Activity>
Find every line in the entries that holds the string "Smoked" and report it.

Dataset records>
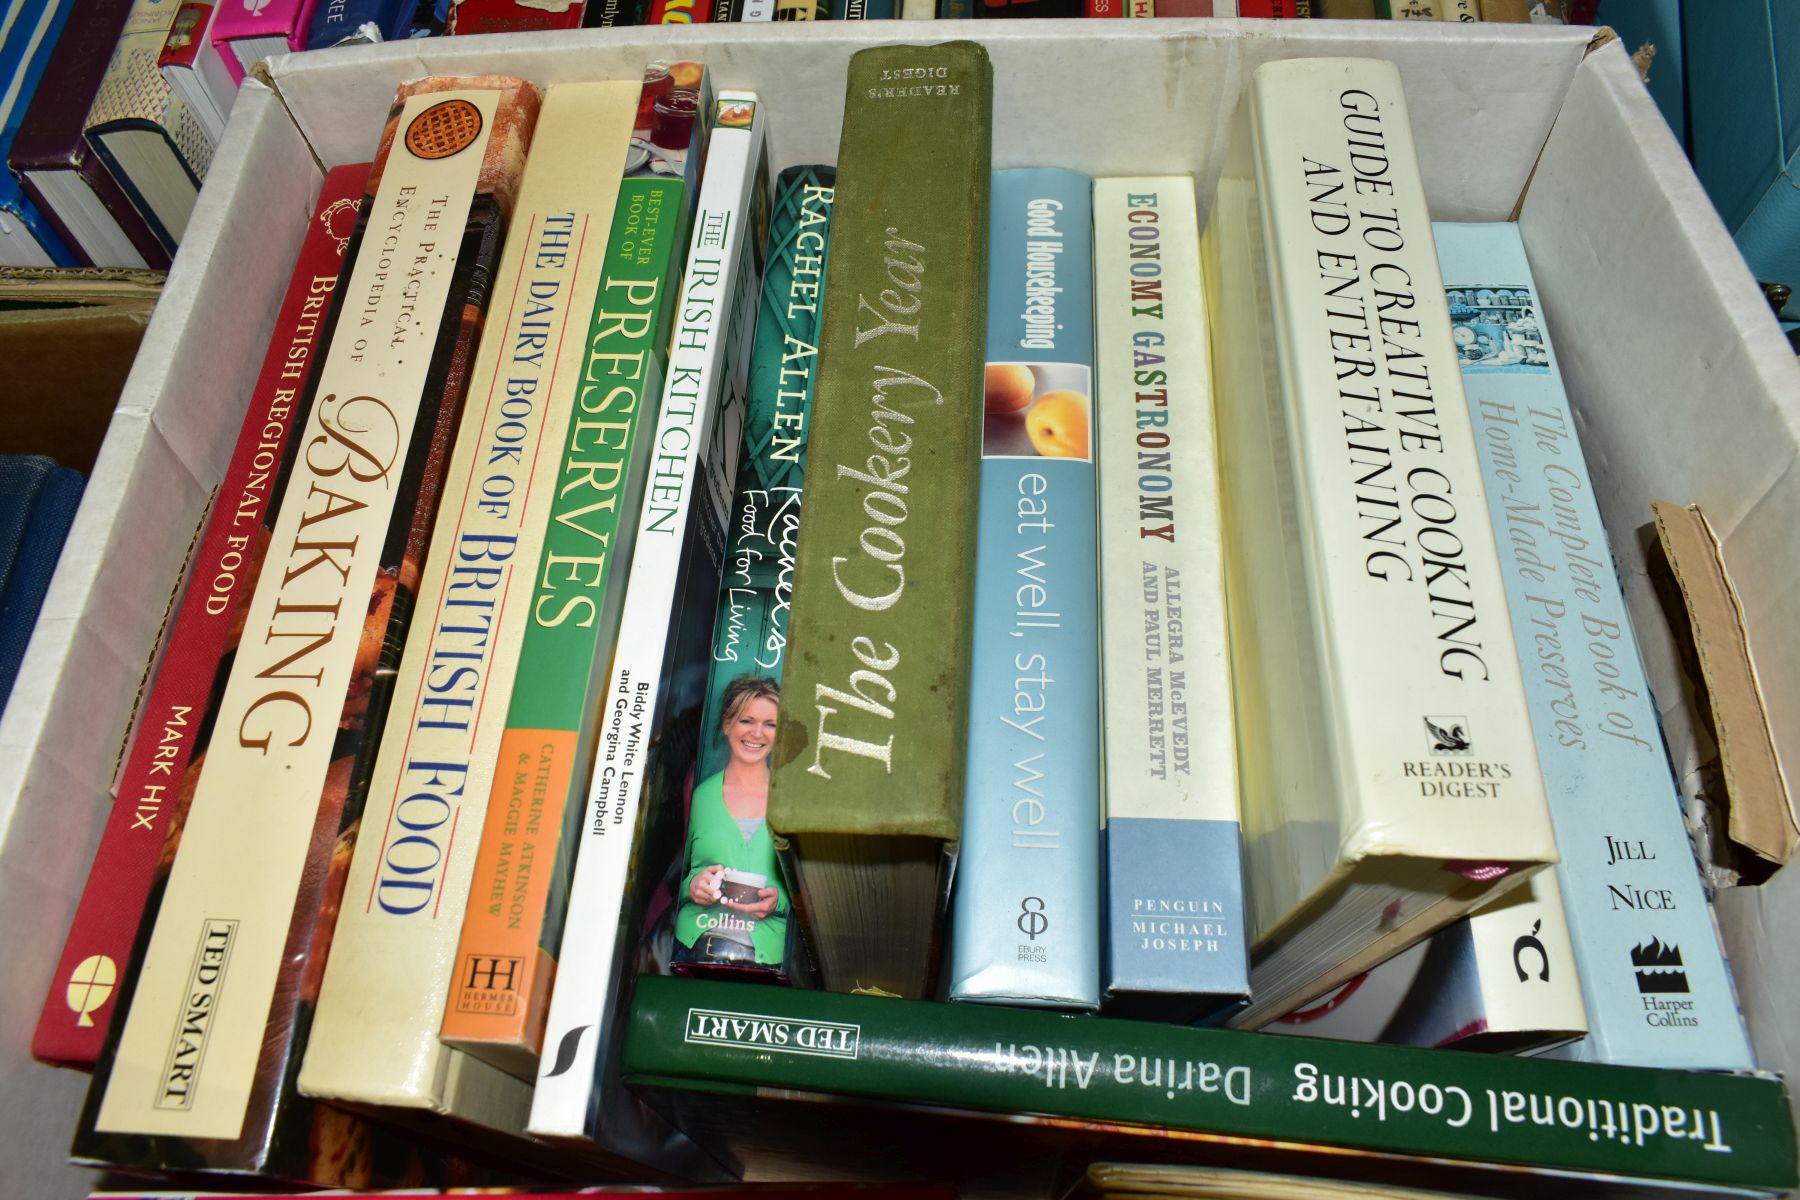 SEVEN BOXES OF BOOKS ETC, subjects include cookery - James Martin, River Cottage, Vefa's Cottage, - Image 9 of 10
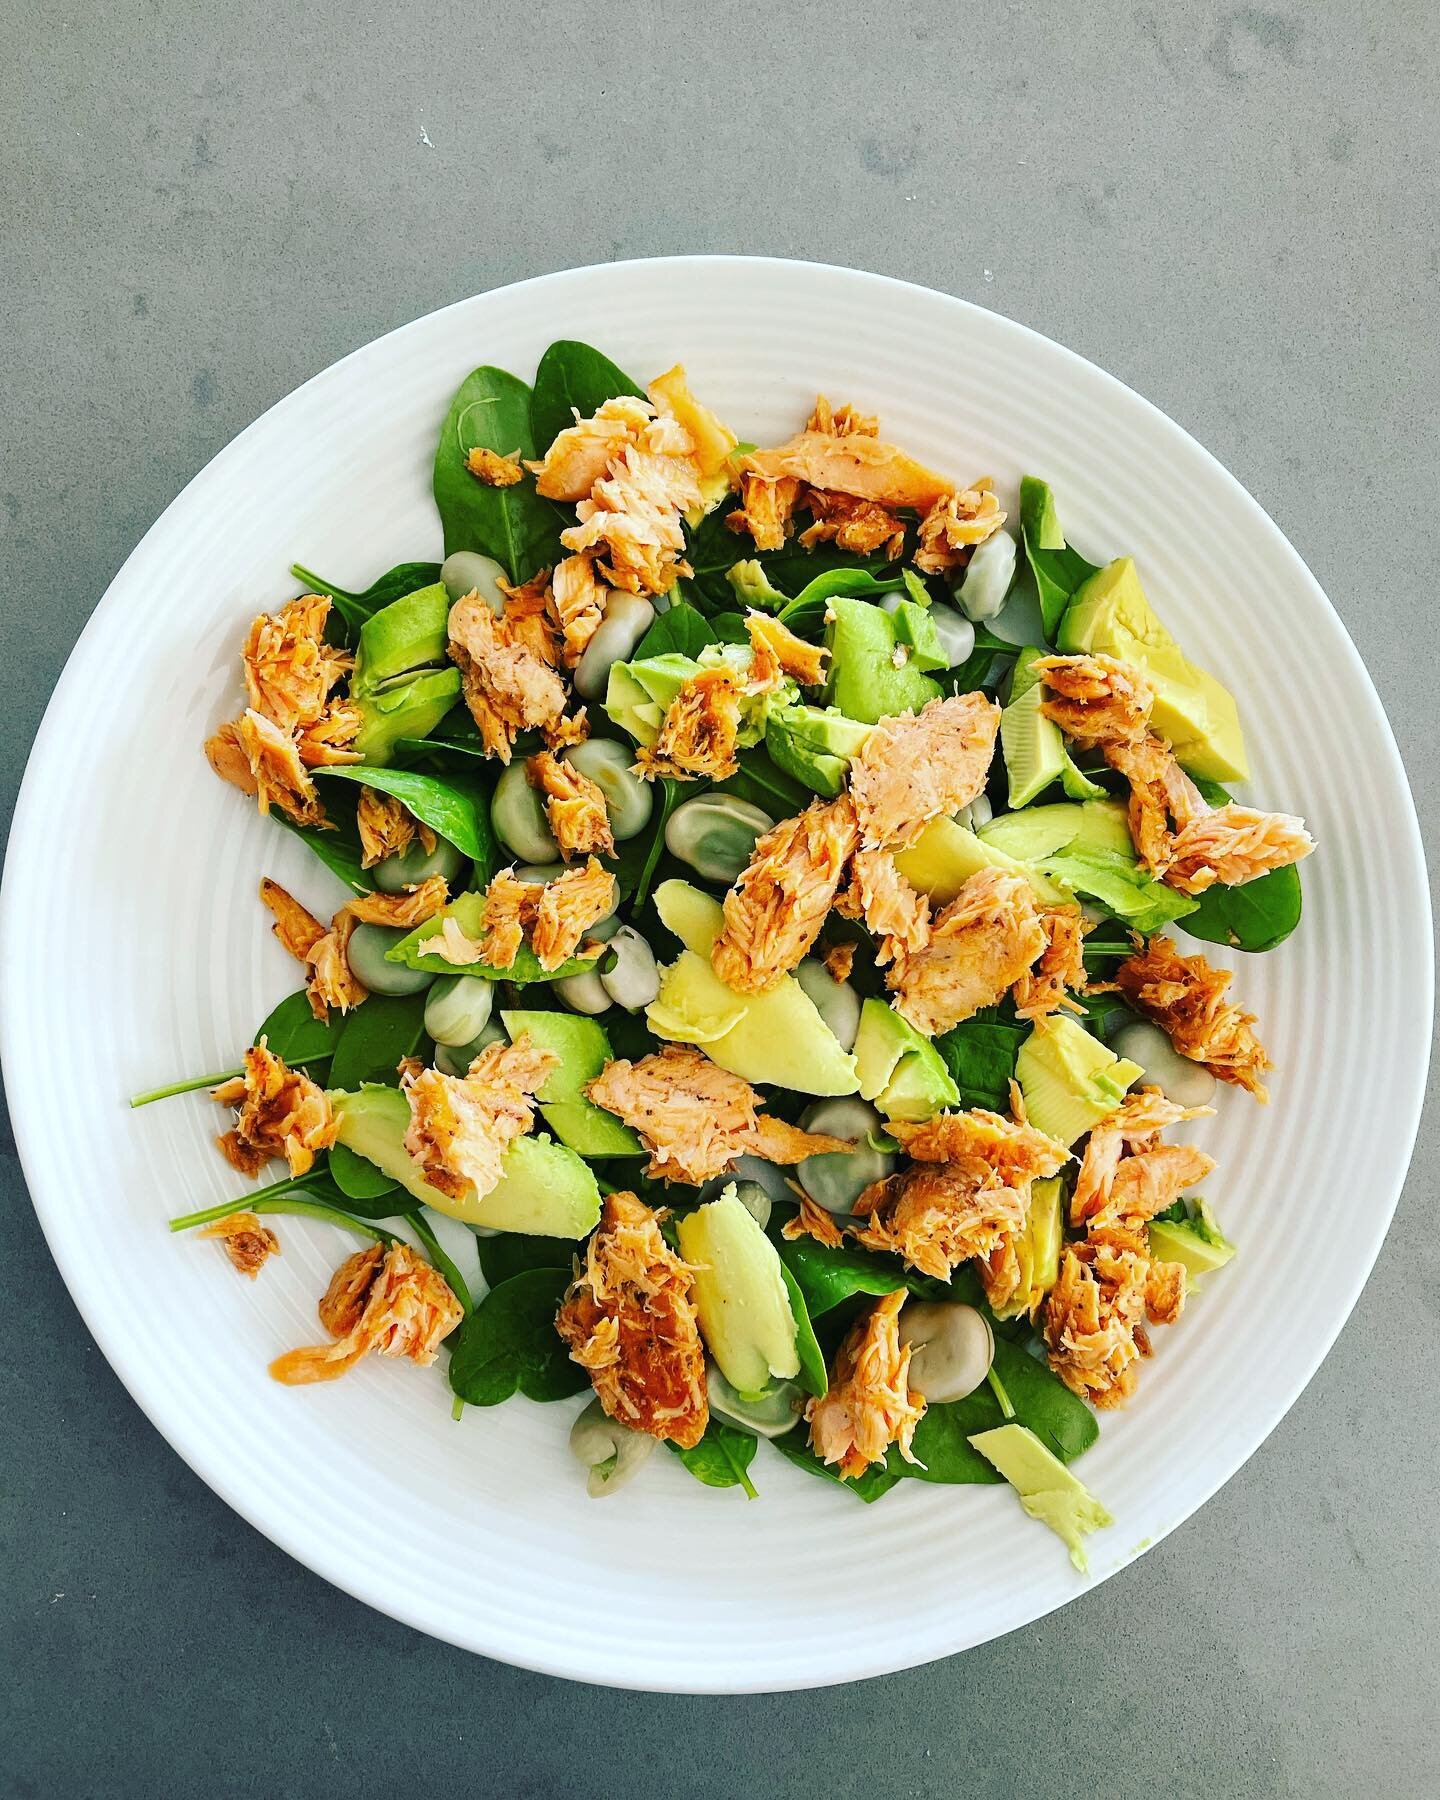 One of the many meal ideas that I share with the September Team Challenge ladies. 
I thought I&rsquo;d share what I had for lunch today for some inspo: 
Smoked salmon, edamame, avocado and baby spinach with a drizzle of balsamic vinegar. 
.
Smoked sa
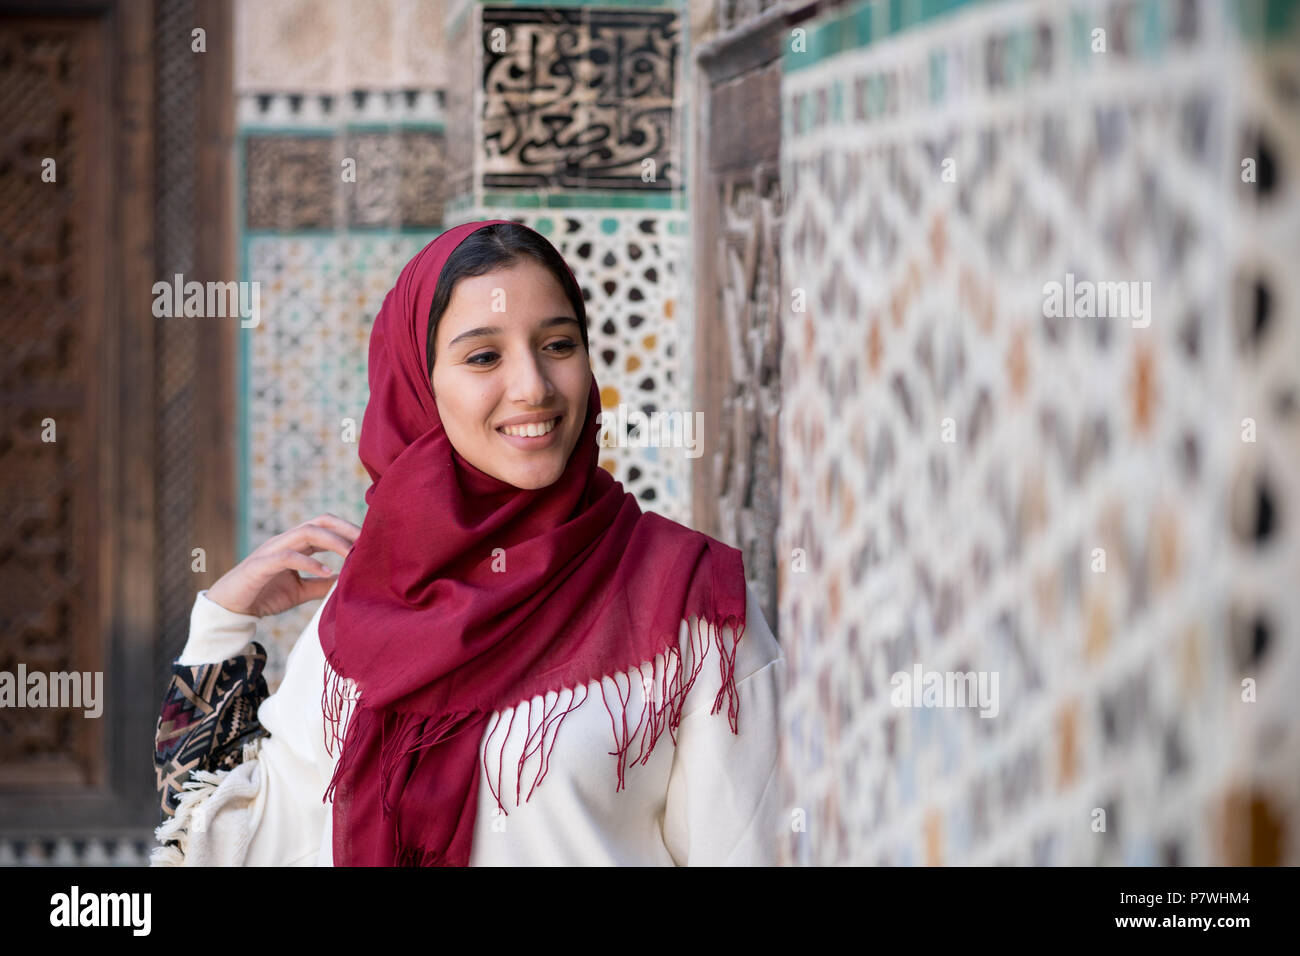 Portrait of muslim woman smiling in traditional clothing with red hijab in front of traditional arabesque decorated wall Stock Photo
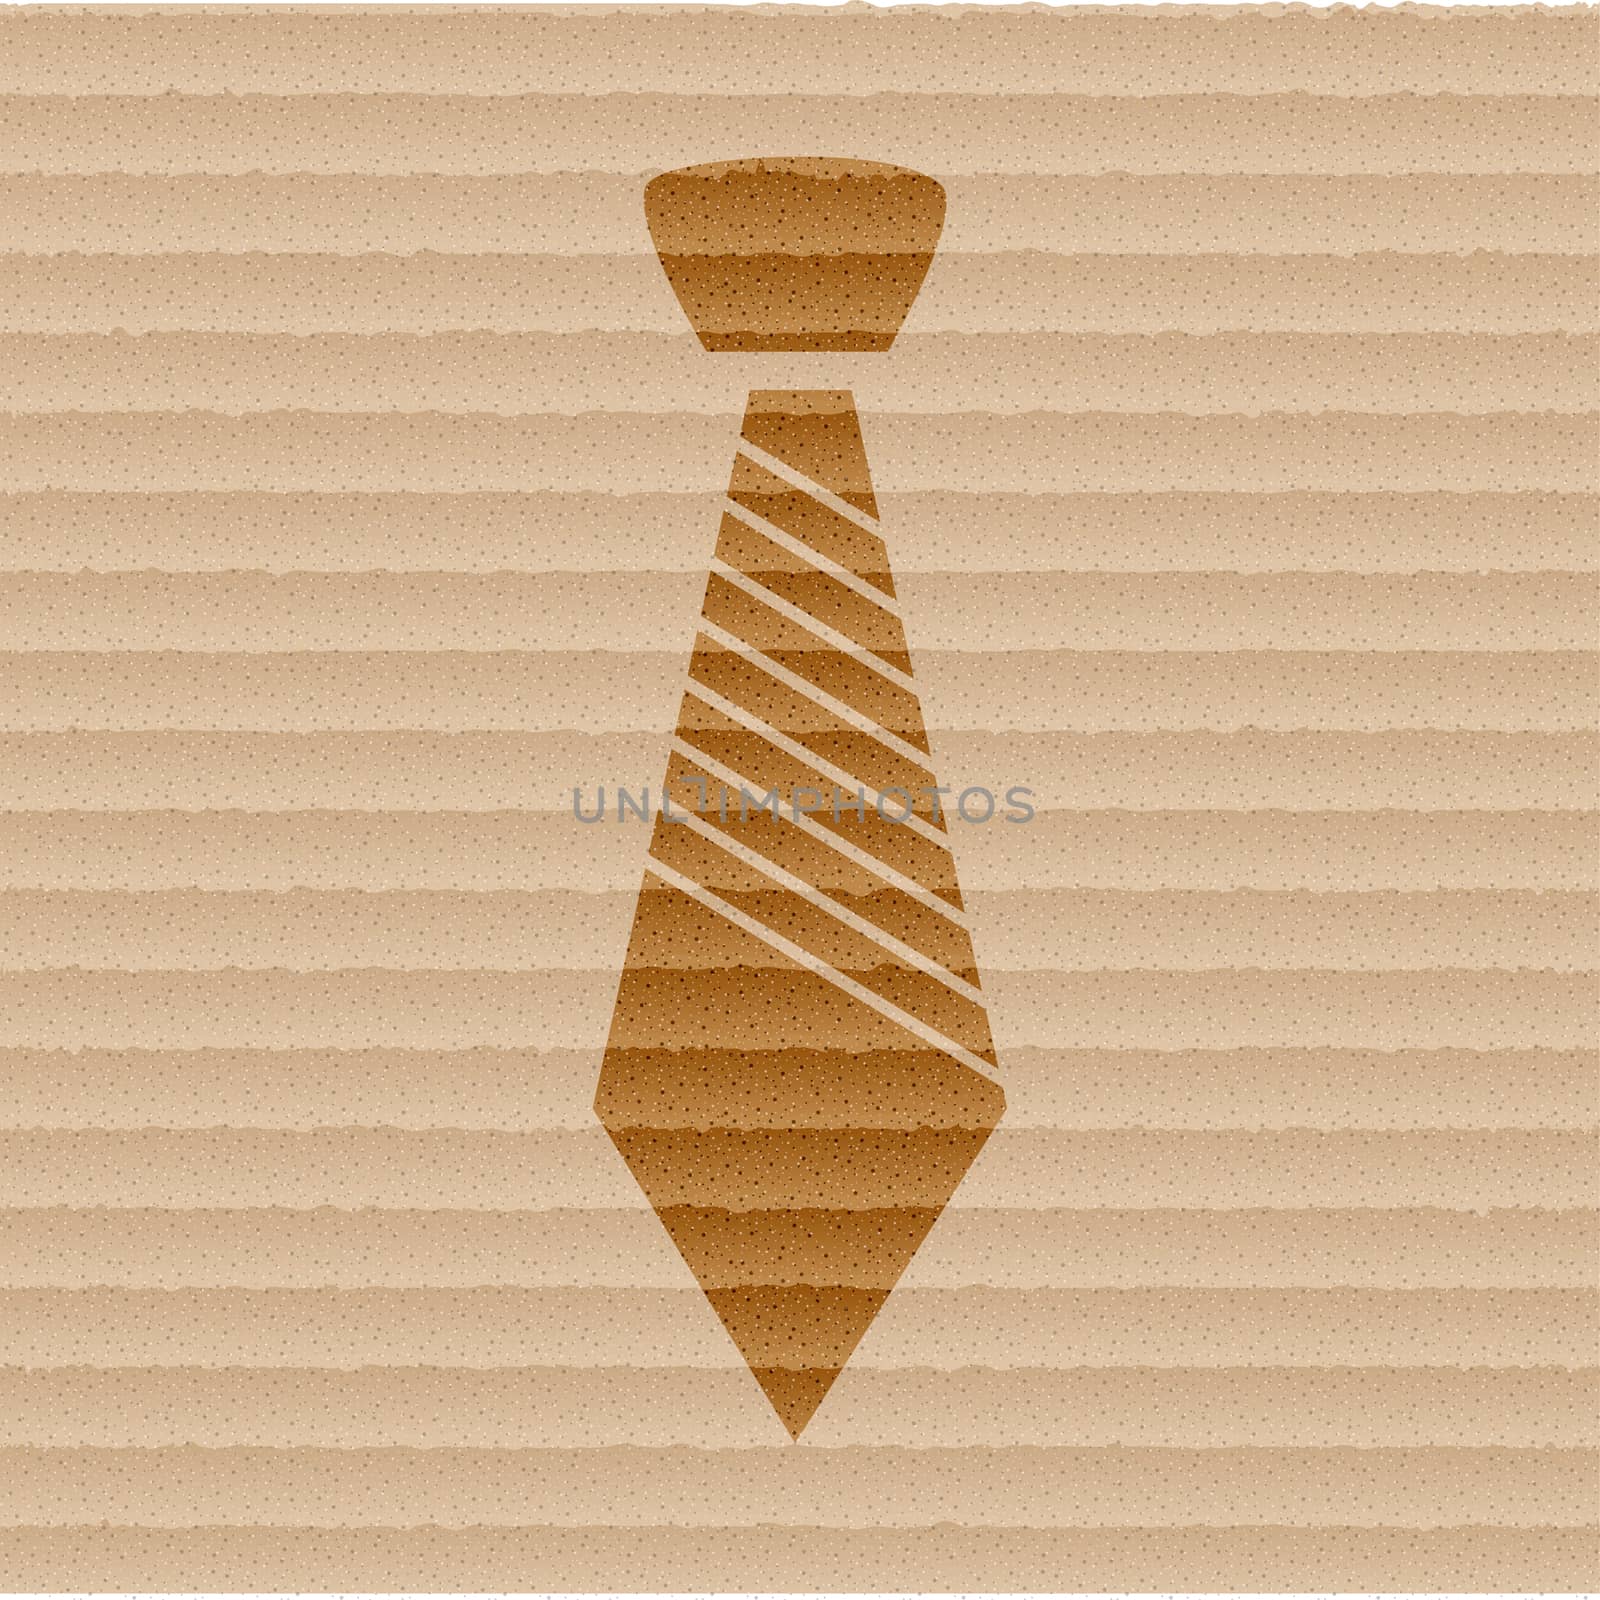 tie icon flat design with abstract background by serhii_lohvyniuk

Exercise result>
Smoked salmon, edamame, avocado and baby spinach with a drizzle of balsamic vinegar. 
Smoked sa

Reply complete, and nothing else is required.